I am more of an OpenGL guy so I cannot help you with the technical side, what I can do is give you a direction.
In general, a 3D camera has:
Translation - where the camera is (x, y, z)
Rotation - angle of the camera around each axis
What you want do is related to the translation part only:
- Monitor the user input, and capture when he presses one of the arrow keys.
- When an arrow key is down, you want to start changing the camera translation. If the user presses the up key, you would add a constant value to the corresponding camera translation component (x) each iteration of your main game loop until he releases the key. If he presses the down key, you would want to subtract that value instead of adding it.
- When he releases the key, your code needs to stop adding that value to the camera translation.
Let's assume that your game runs at 60Hz, and you add, say, 1/60 units to the camera translation each iteration for each direction the user wants to go. If the user held up the up arrow key for 2 seconds, the camera would have moved forward 2 units.

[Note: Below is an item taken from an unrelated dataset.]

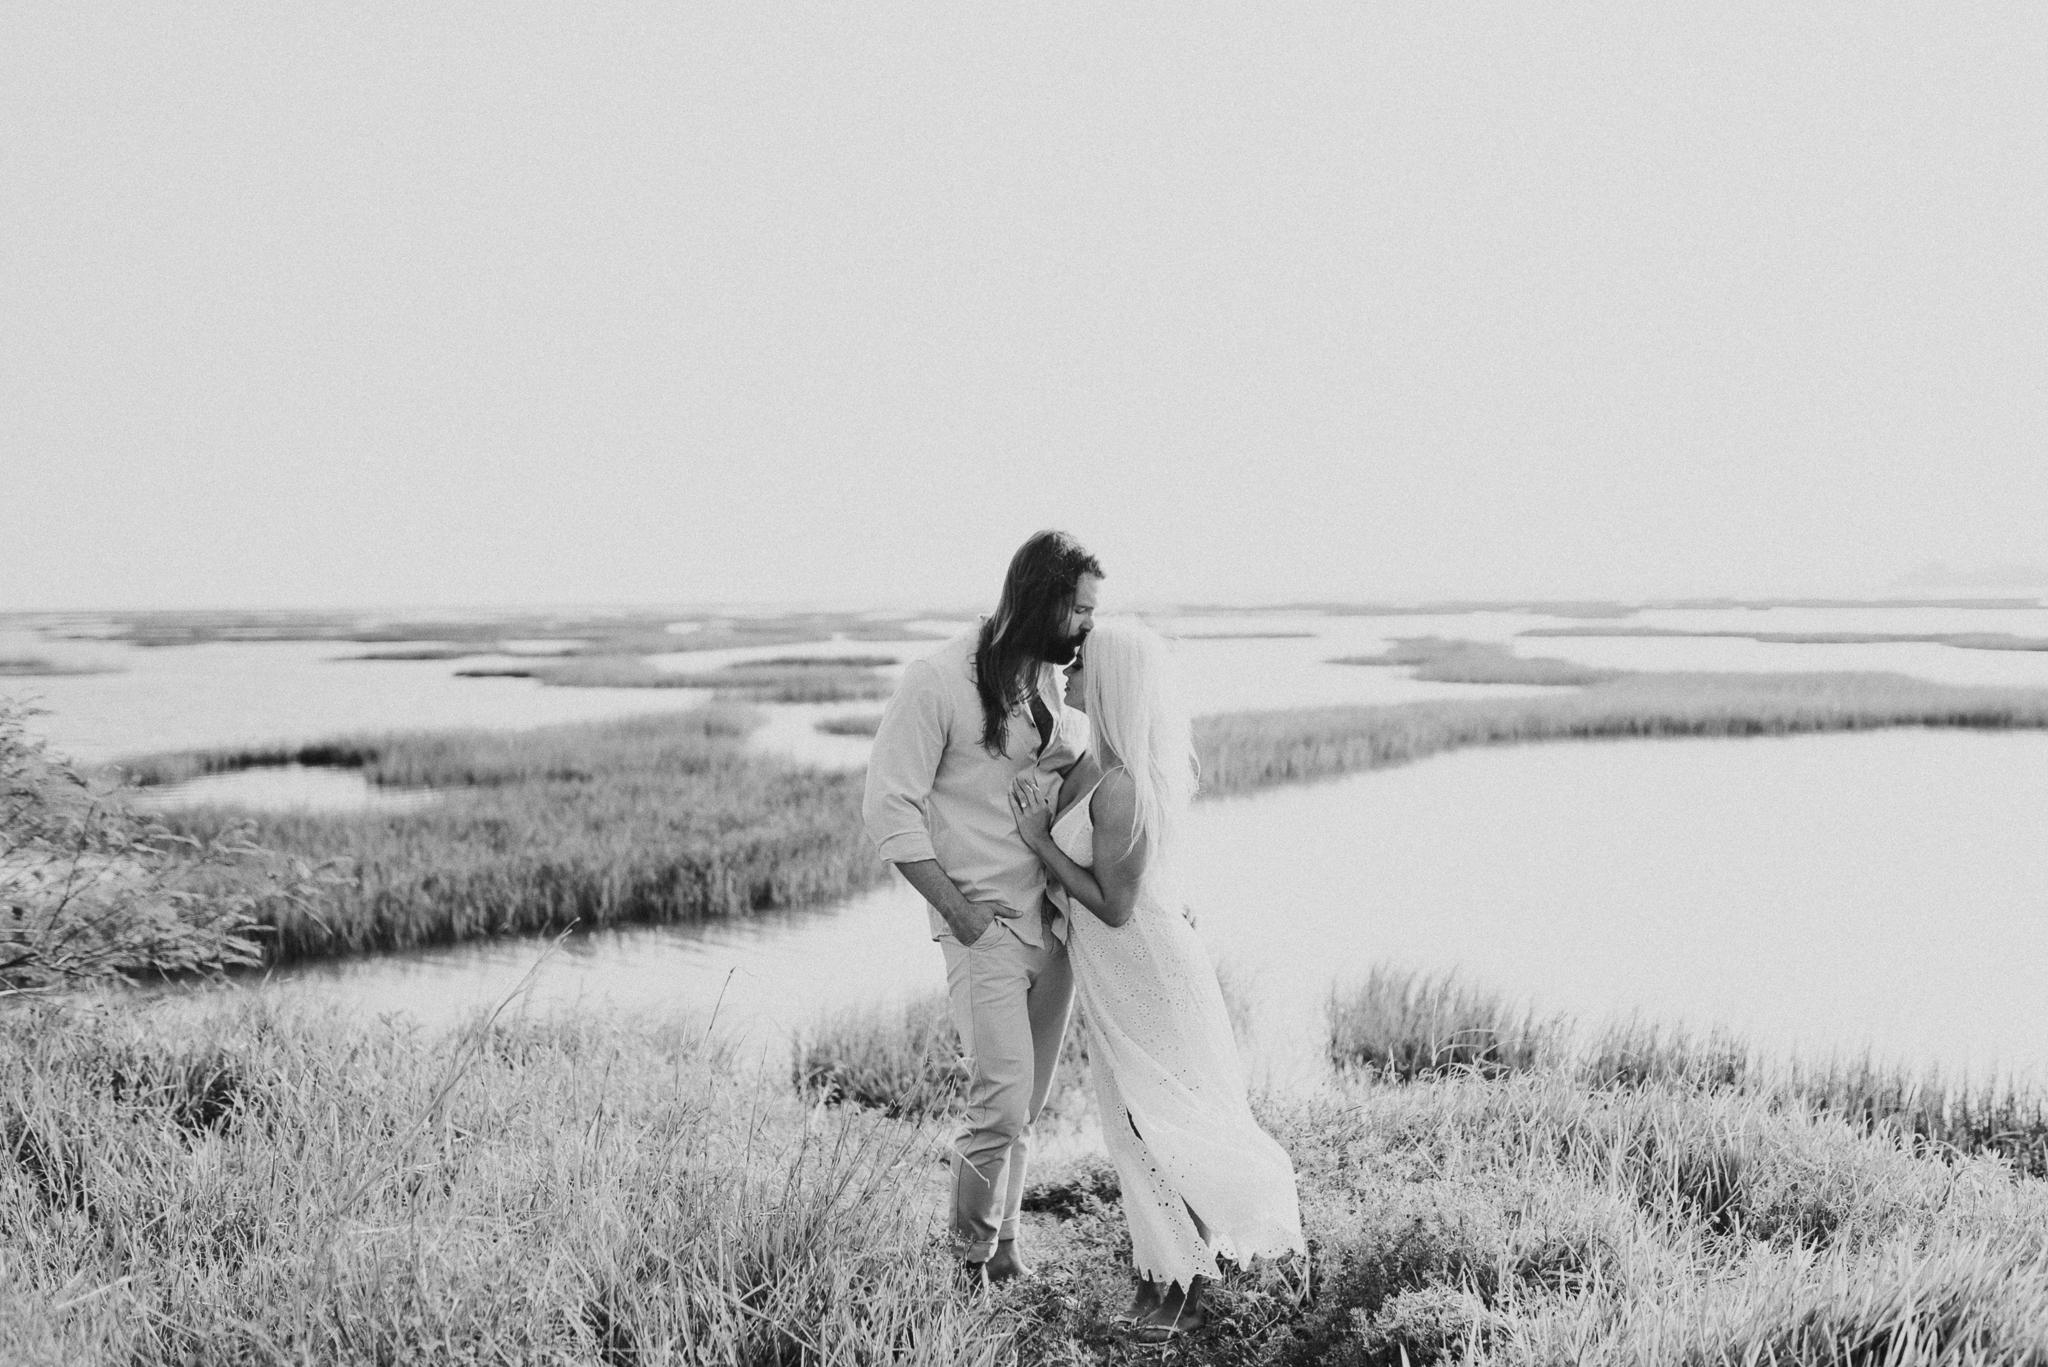 Ashley + Charles - Galveston Texas Moody Engagement Session | Kristen Giles Photography - 004.jpg

This is the "theory" in general, now I can only point you to web pages I found that may be useful for solving the technical side of your problem:
DirectX camera movement - I'm guessing this article has a lot more than you need, but it looked pretty good and I think that you should read it anyway... But you can just skip to the View Transformation part.
Input handling - nothing much to say, regular Win32 input handling. If you are not familiar with win32 input handling I think that you should take an hour or two to learn that first.
Alright that's it, hope I helped